Abstract
AIM: To determine the prevalence and clinical relevance of isolated antibodies to hepatitis B core antigen as the only marker of infection (“anti-HBc alone”) among human immunodeficiency virus (HIV) type-1 infected patients. Occult hepatitis B infection frequency was also evaluated.
METHODS: Three hundred and forty eight histories from 2388 HIV-positive patients were randomly reviewed. Patients with serological markers of hepatitis B virus (HBV) infection were classified into three groups: past hepatitis, “anti-HBc alone” and chronic hepatitis. Determination of DNA from HBV, and RNA and genotype from hepatitis C virus (HCV) were performed on “anti-HBc alone” patients.

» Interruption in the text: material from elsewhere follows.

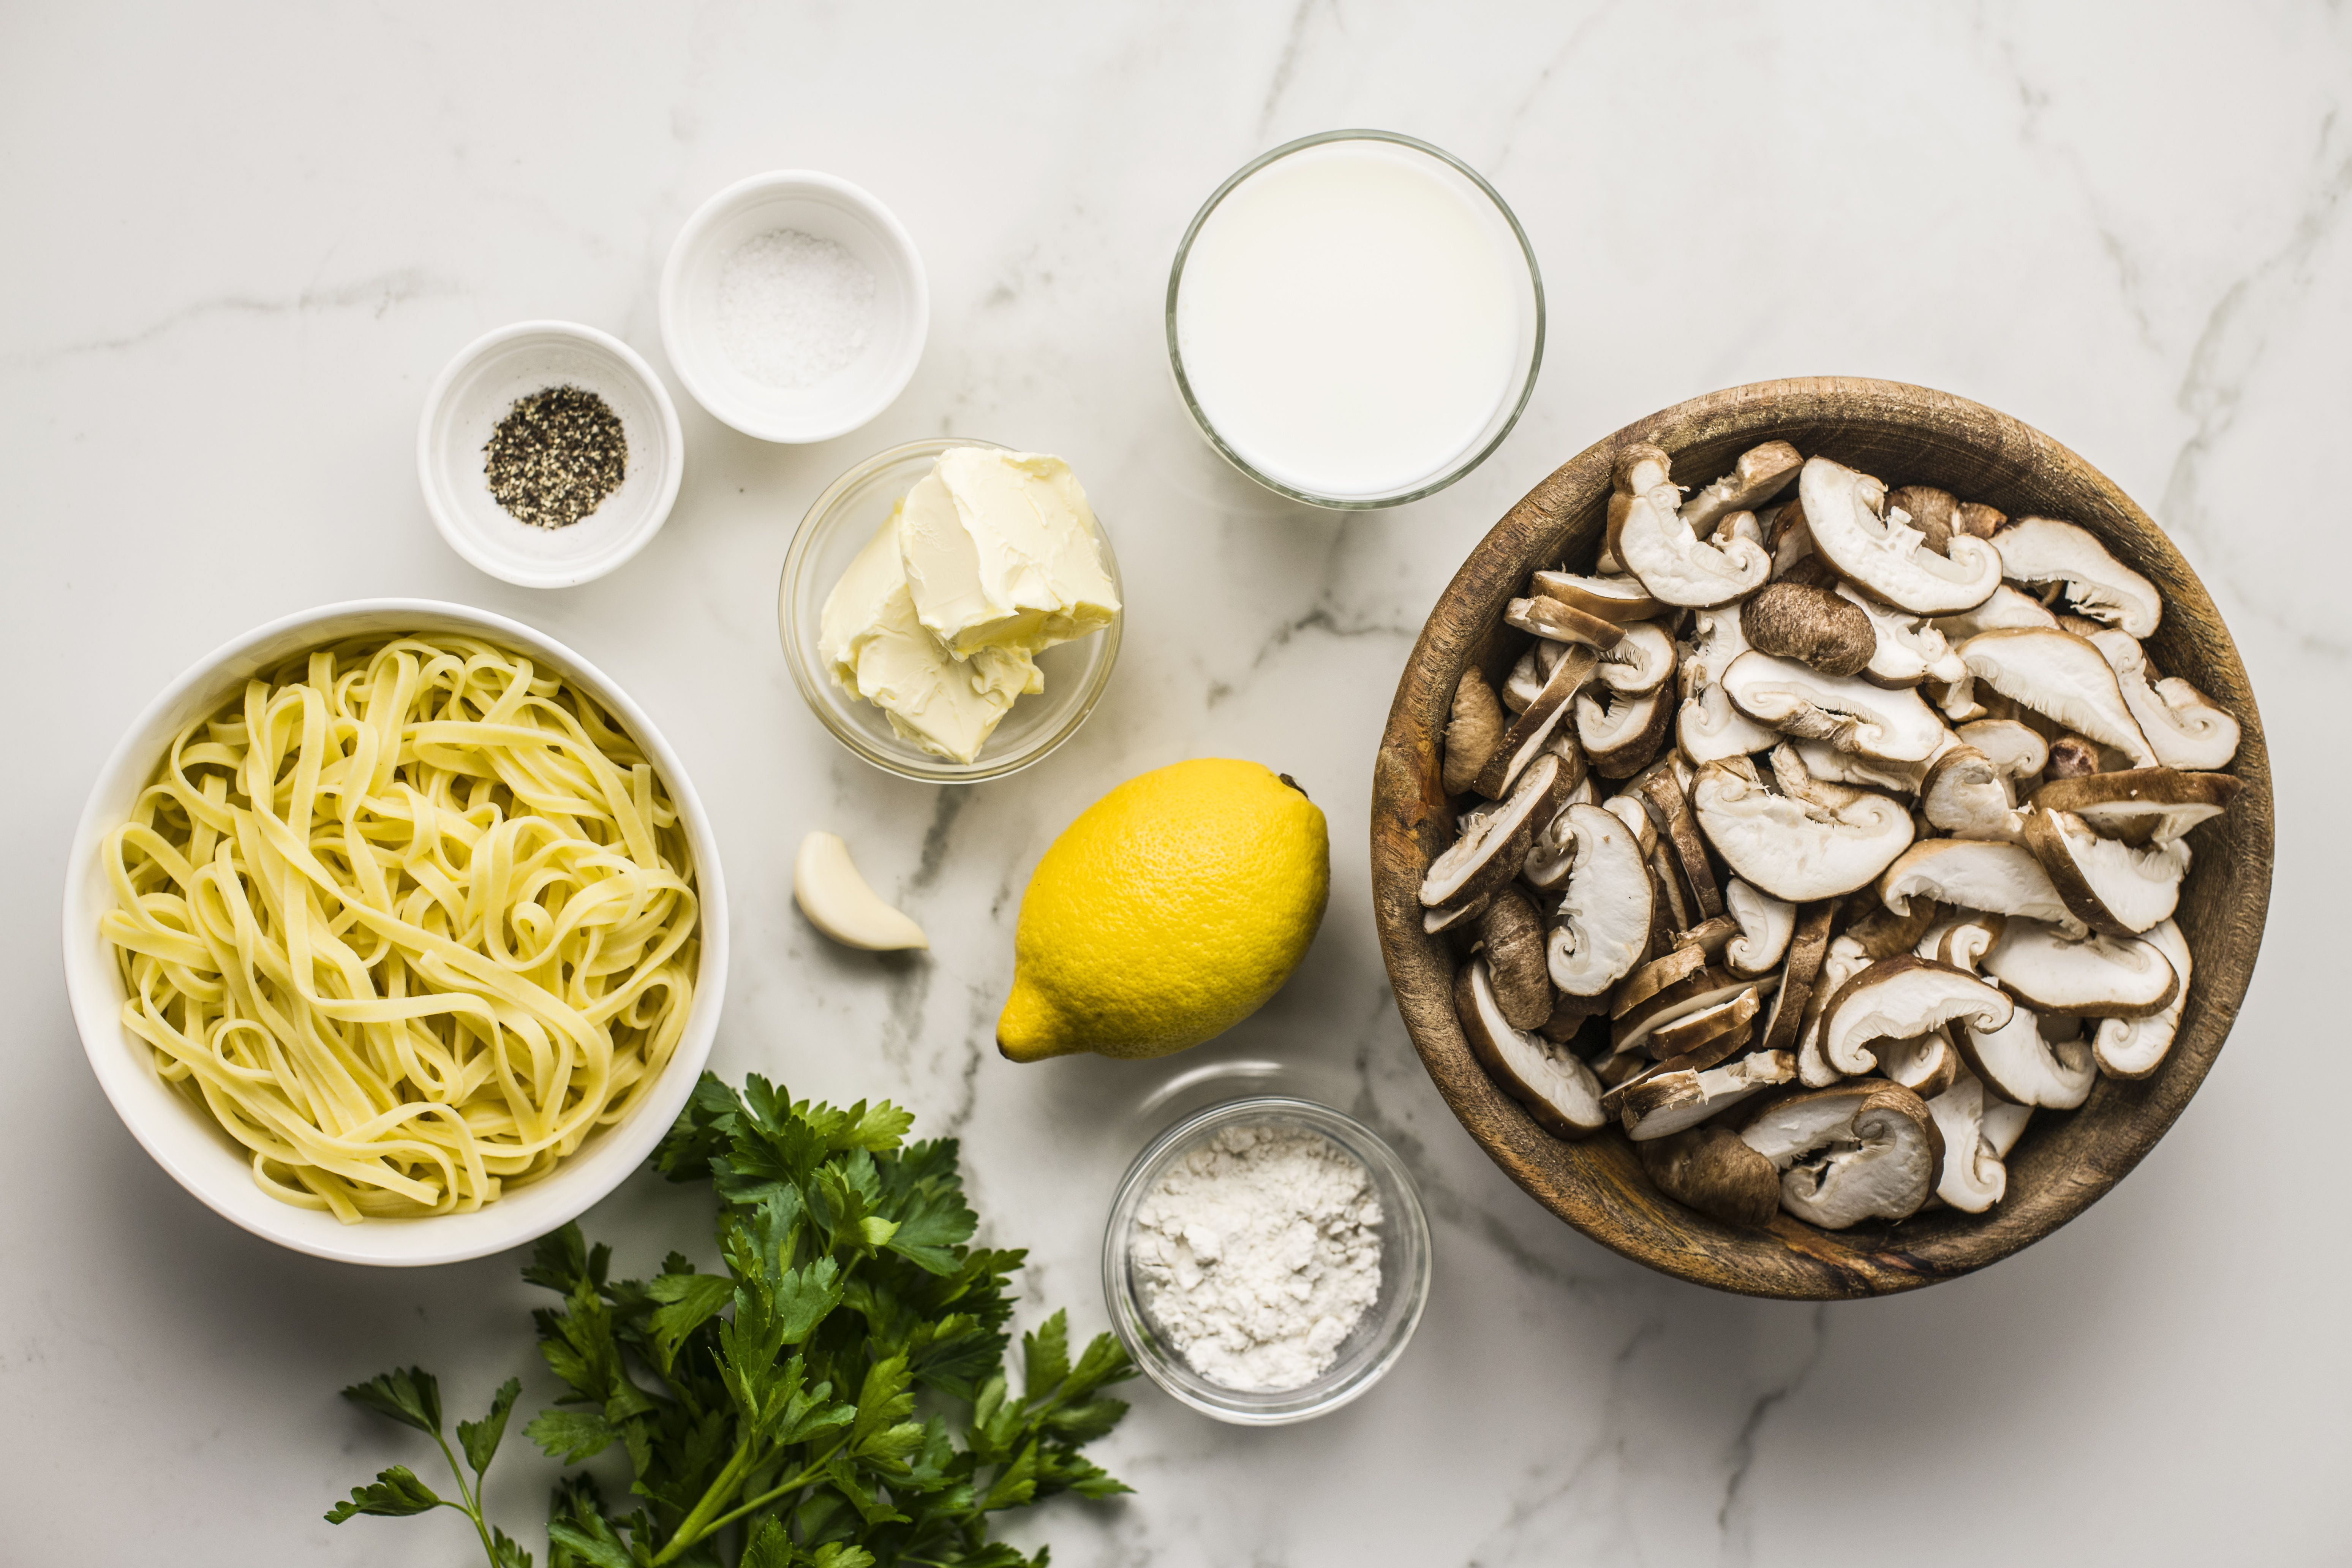 Ingredients for vegan mushroom cream sauce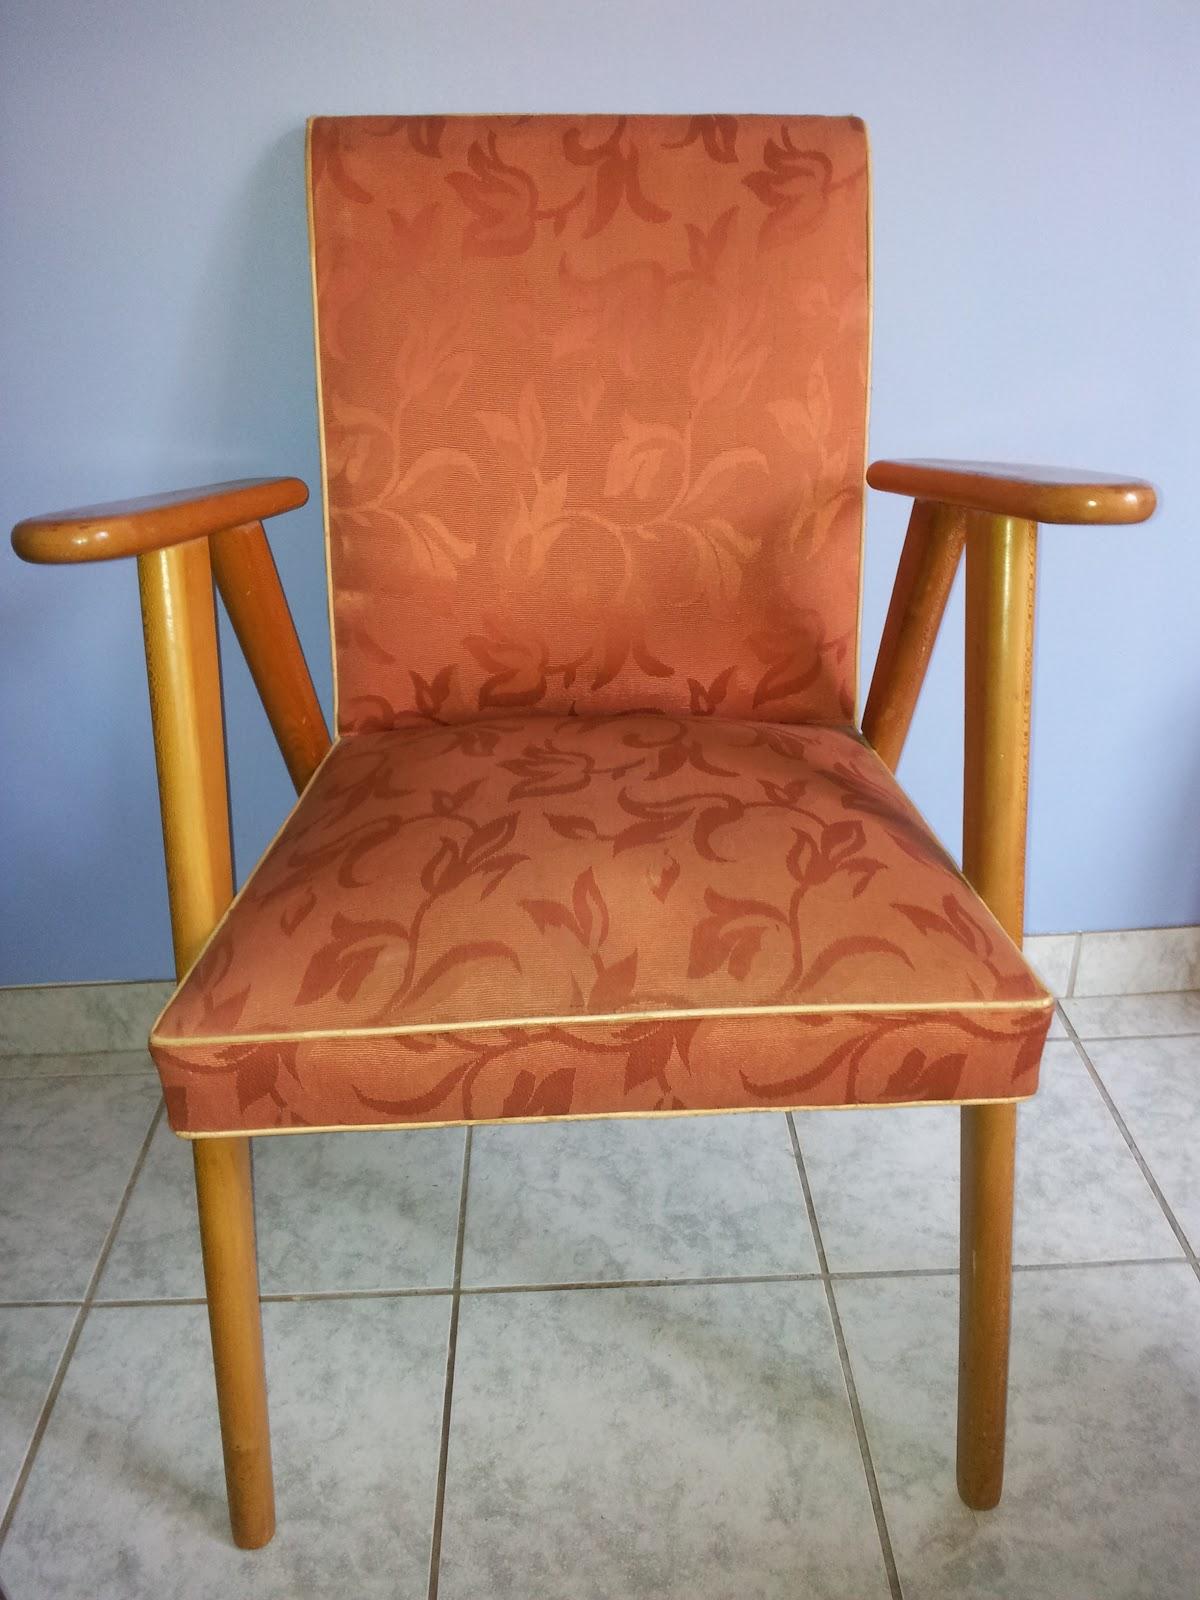 troc and broc fauteuils style bridge art deco. Black Bedroom Furniture Sets. Home Design Ideas

RESULTS: One hundred and eighty seven (53.7%) HIV-positive patients had markers of HBV infection: 118 past infection (63.1%), 14 chronic hepatitis (7.5%) and 55 “anti-HBc alone” (29.4%). Younger age [2.3-fold higher per every 10 years younger; 95% confidence intervals (CI) 1.33-4.00] and antibodies to HCV infection [odds ratio (OR) 2.87; 95% CI 1.10-7.48] were factors independently associated with the “anti-HBc alone” pattern. No differences in liver disease frequency were detected between both groups. Serum levels of anti-HBs were not associated with HCV infection (nor viral replication or HCV genotype), or with HIV replication or CD4 level. No “anti-HBc alone” patient tested positive for HBV DNA.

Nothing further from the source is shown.